_Dataset content_
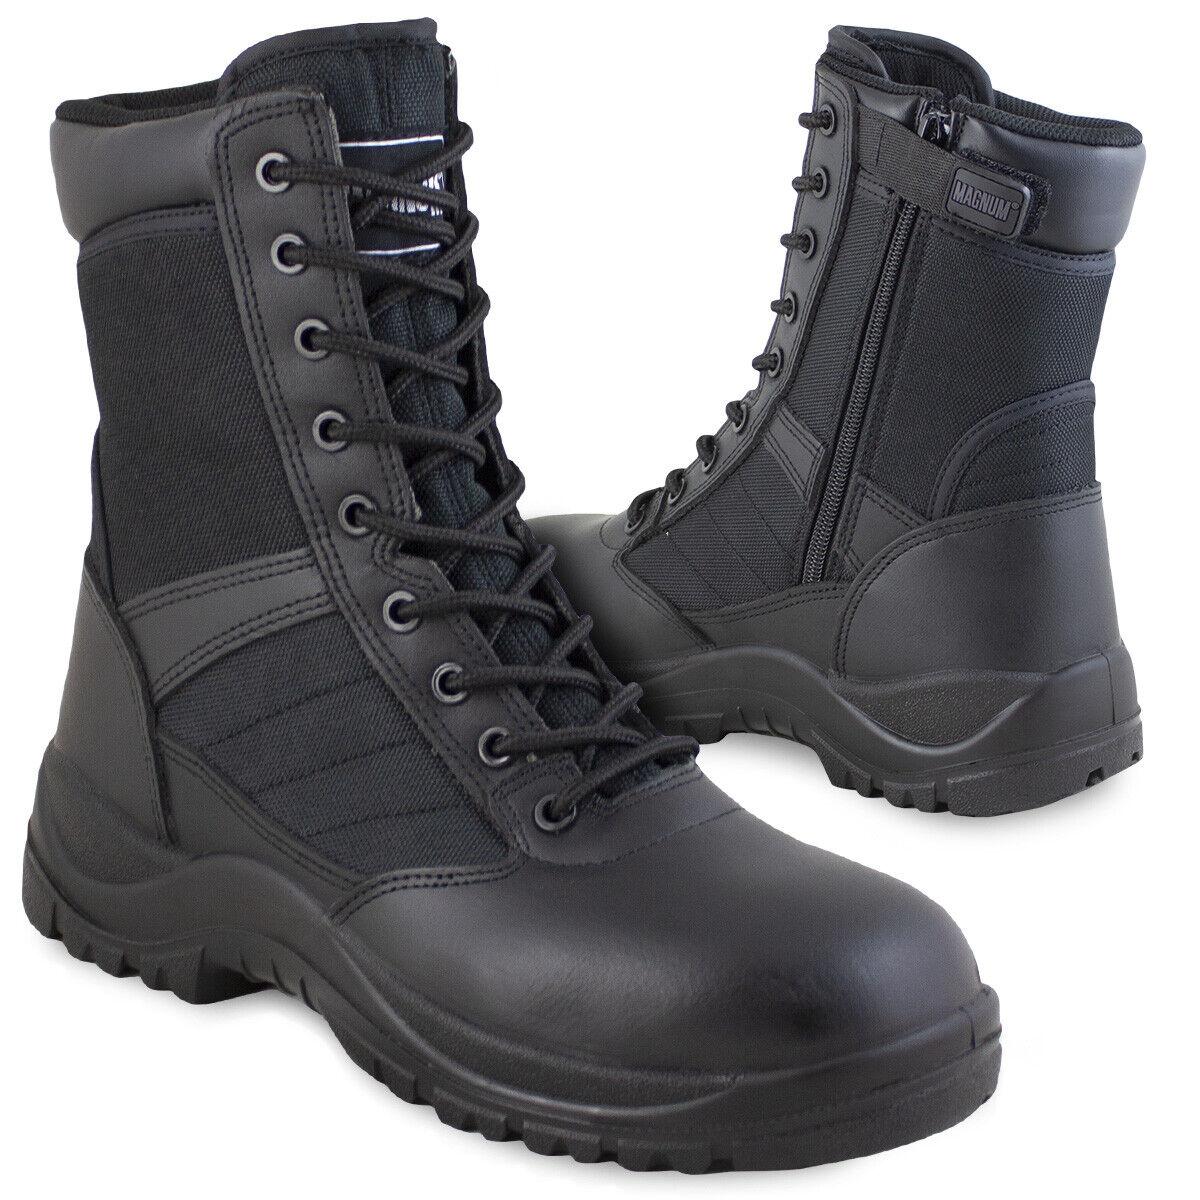 3a9e29a3 Magnum Centurion 8.0 Side-Zip Police Security Tactical Cadet Work Boots  Black
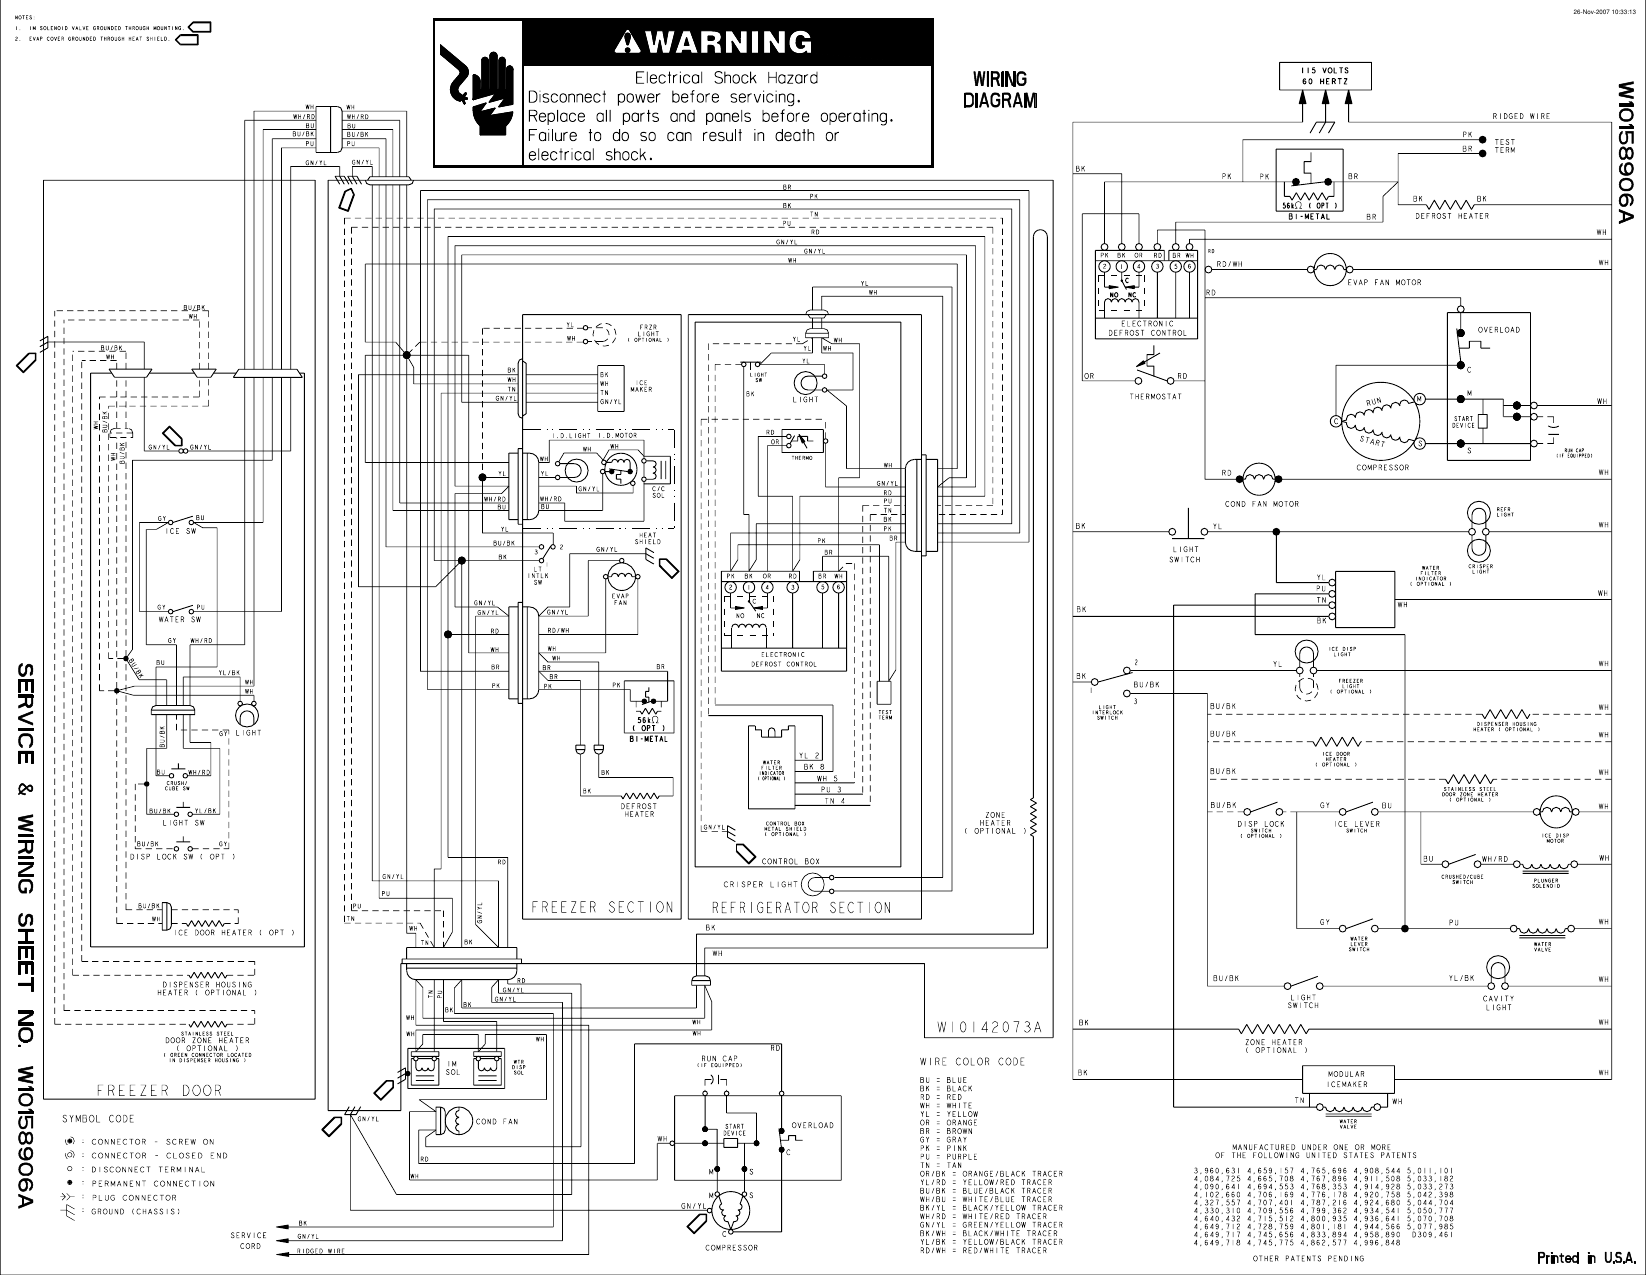 Lit Service And Wiring Sheet W10158906 Whirlpool Refrig Ed2kvexvl01
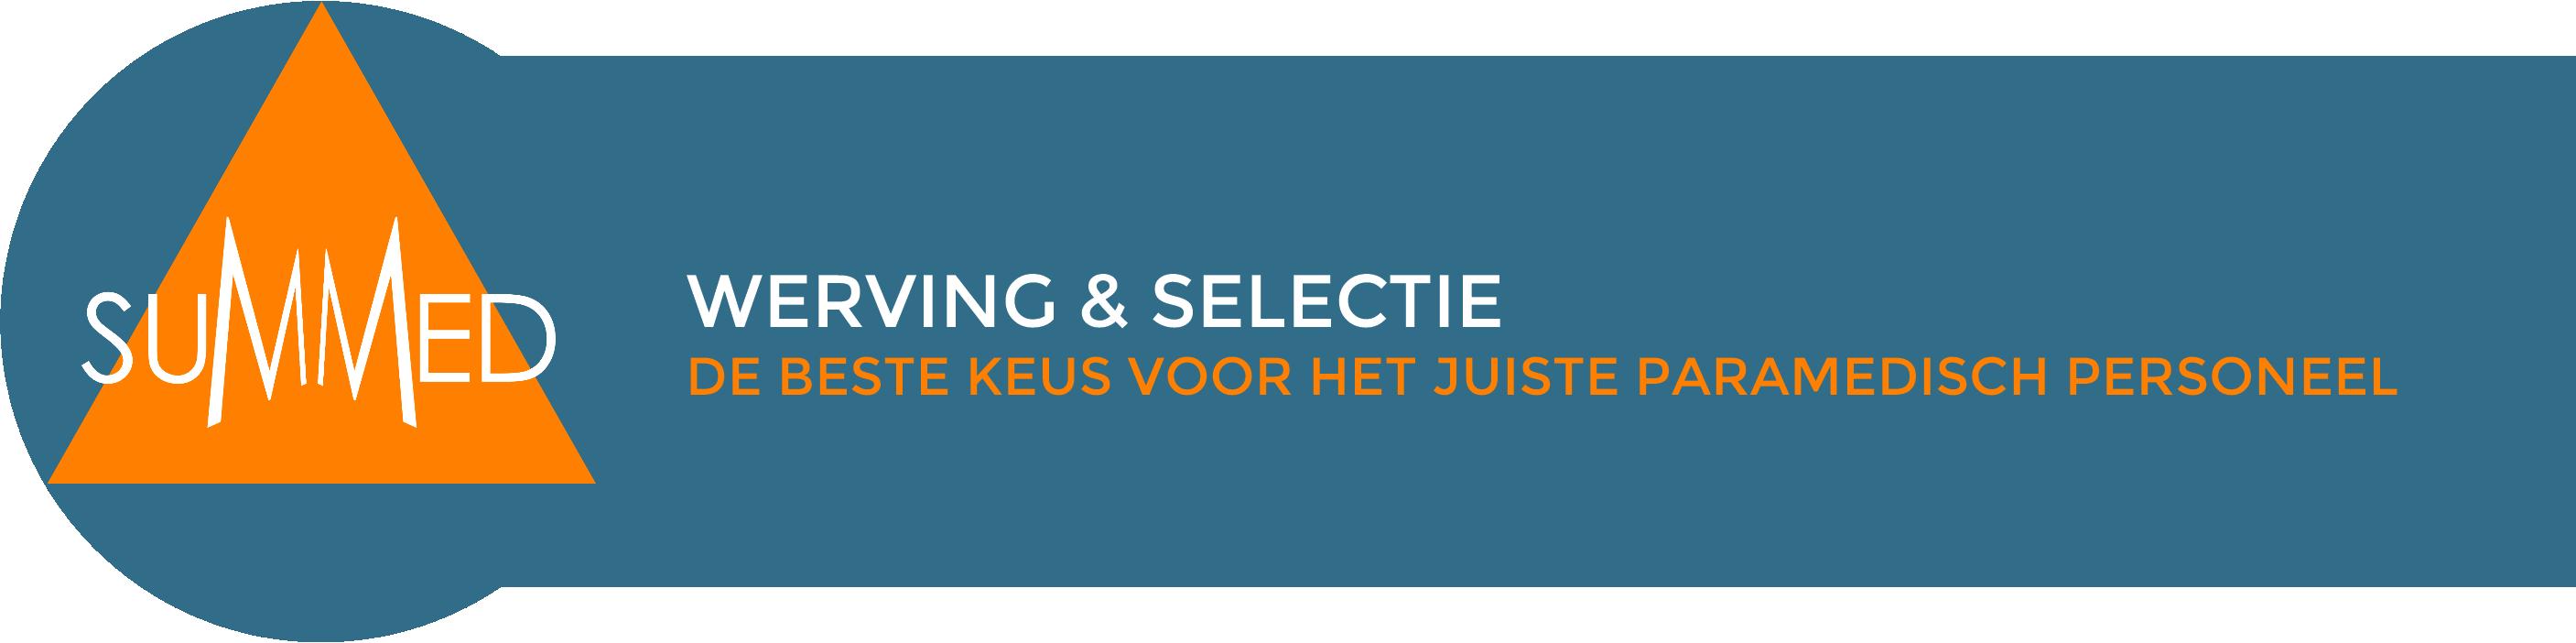 Bekkenfysiotherapeut Boekelo / Enschede
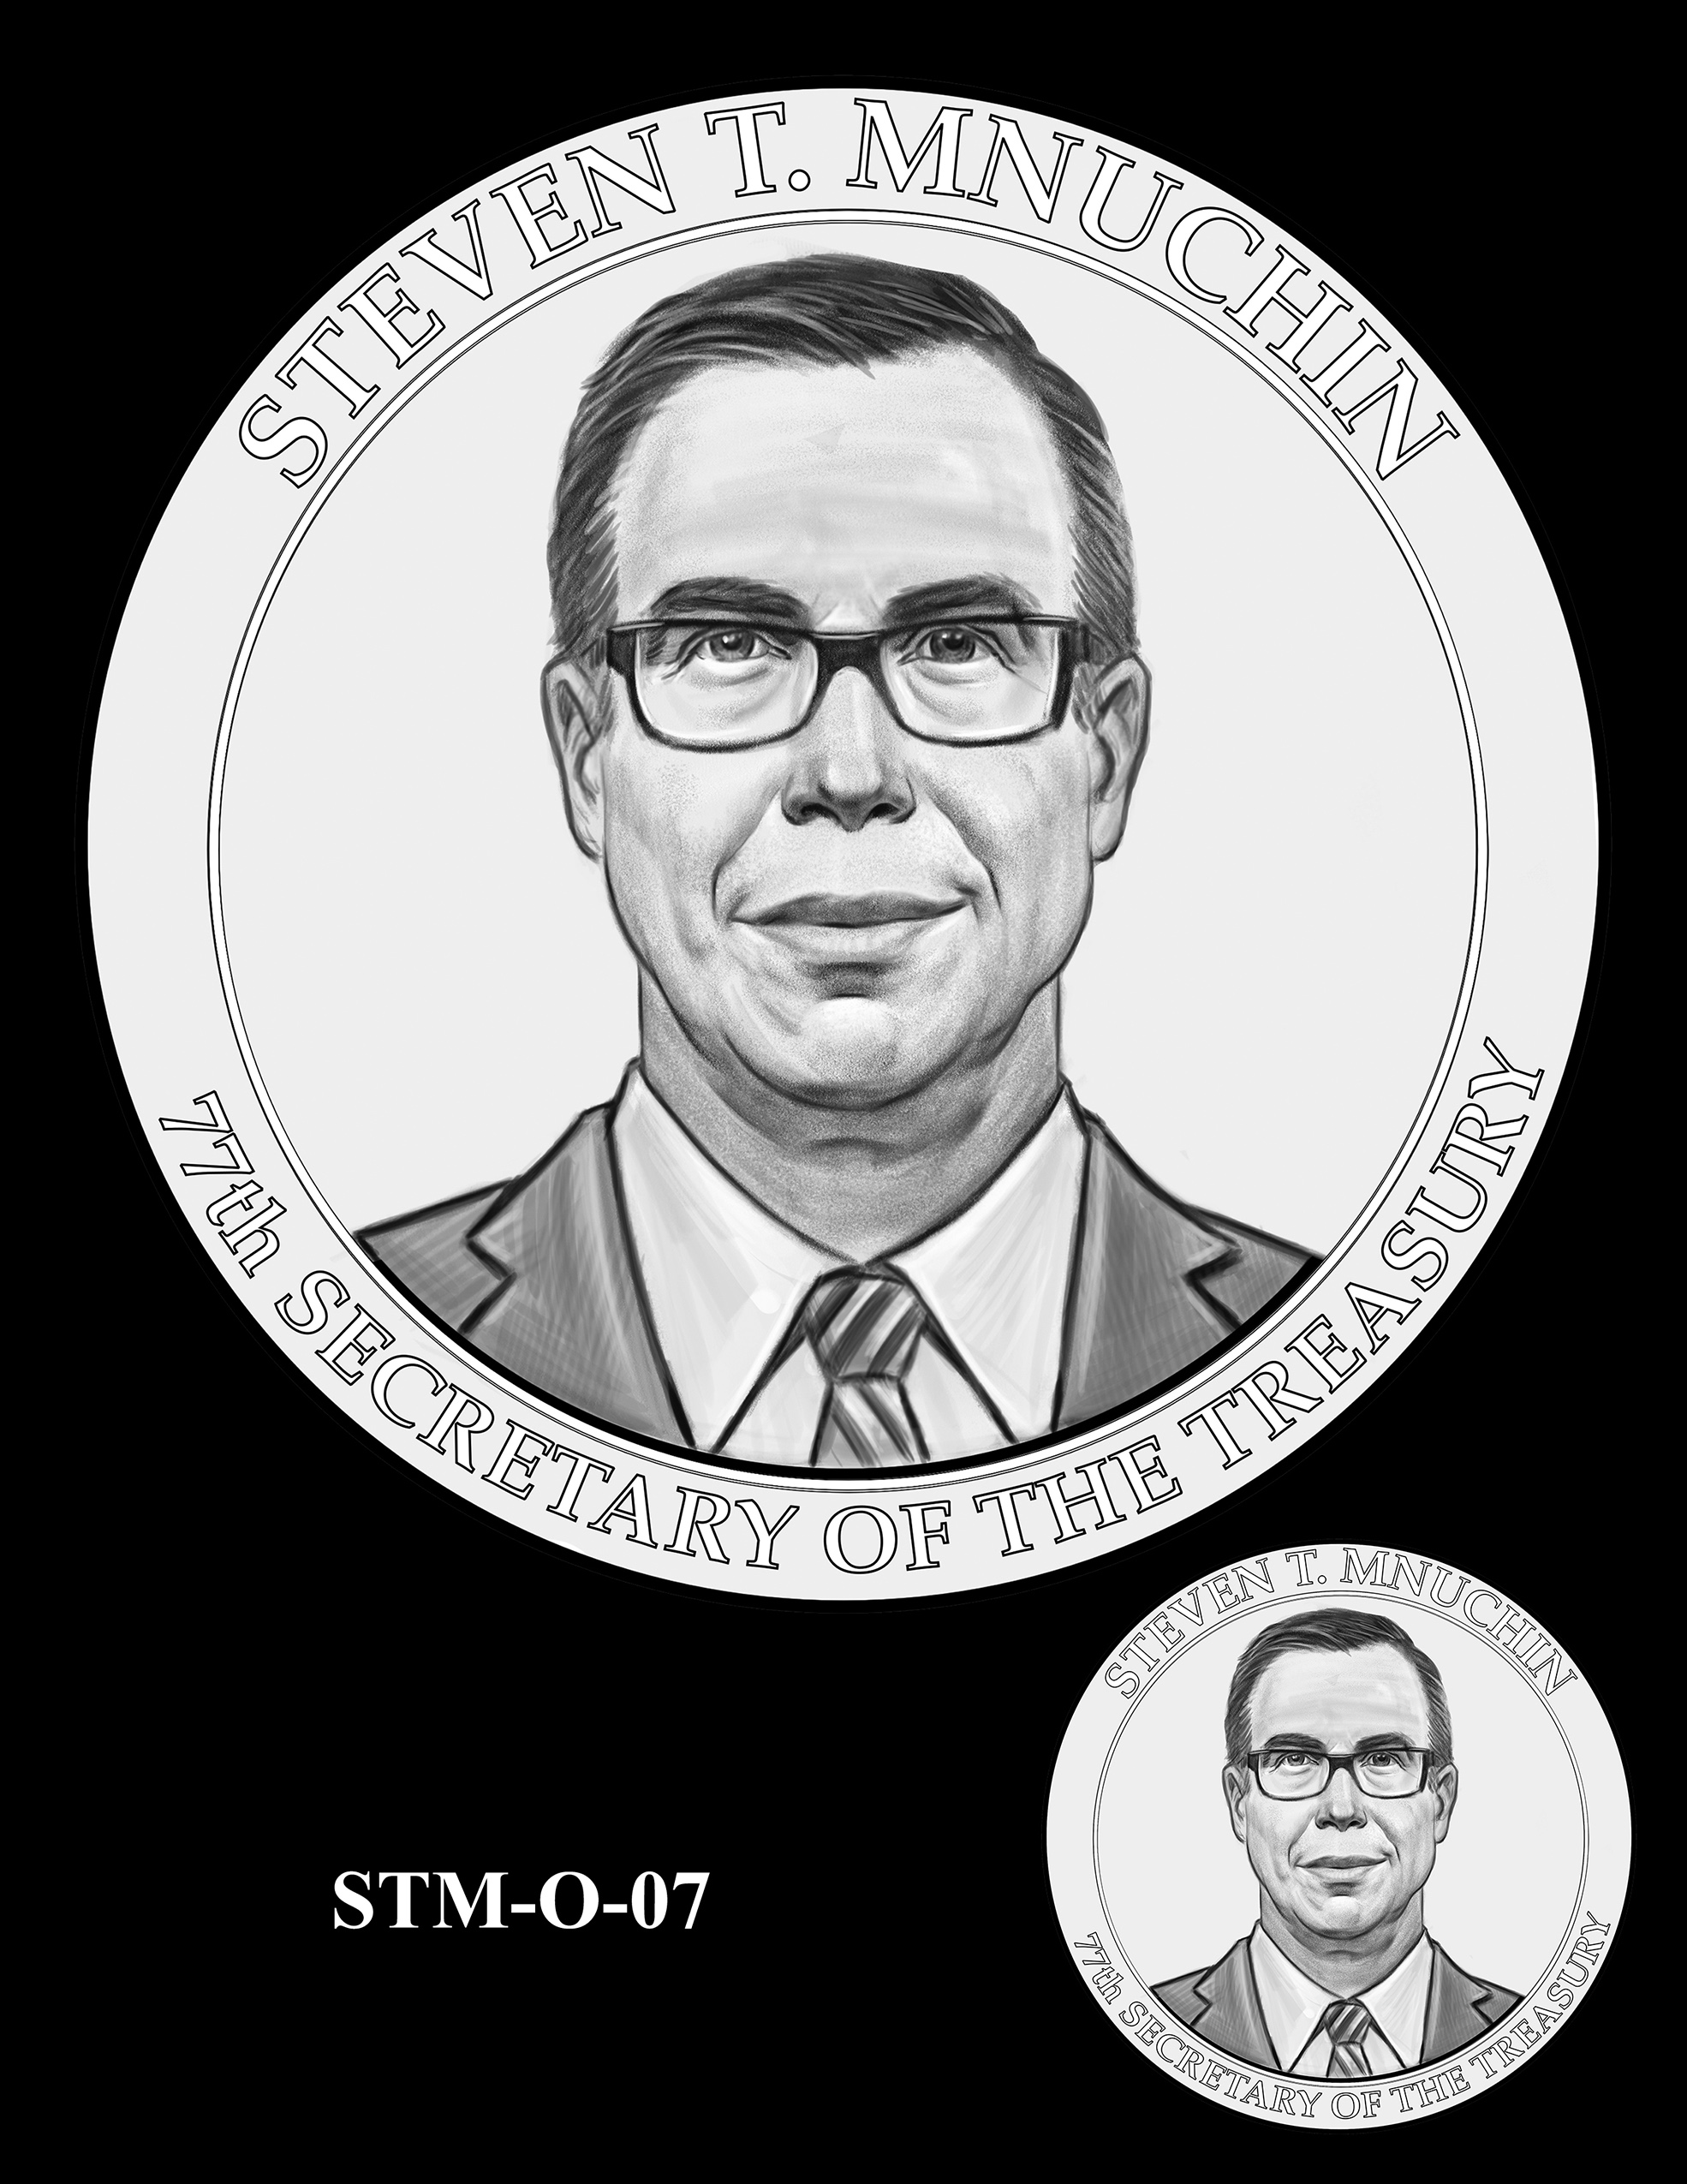 STM-O-07 -- Steven T. Mnuchin Secretary of the Treasury Medal

_Problem_
All the lines above need to be repeated exactly, with no pictures carried over.

_Your response_
 3a9e29a3 Magnum Centurion 8.0 Side-Zip Police Security Tactical Cadet Work Boots  Black
 Lit Service And Wiring Sheet W10158906 Whirlpool Refrig Ed2kvexvl01
 Bekkenfysiotherapeut Boekelo / Enschede
 STM-O-07 -- Steven T. Mnuchin Secretary of the Treasury Medal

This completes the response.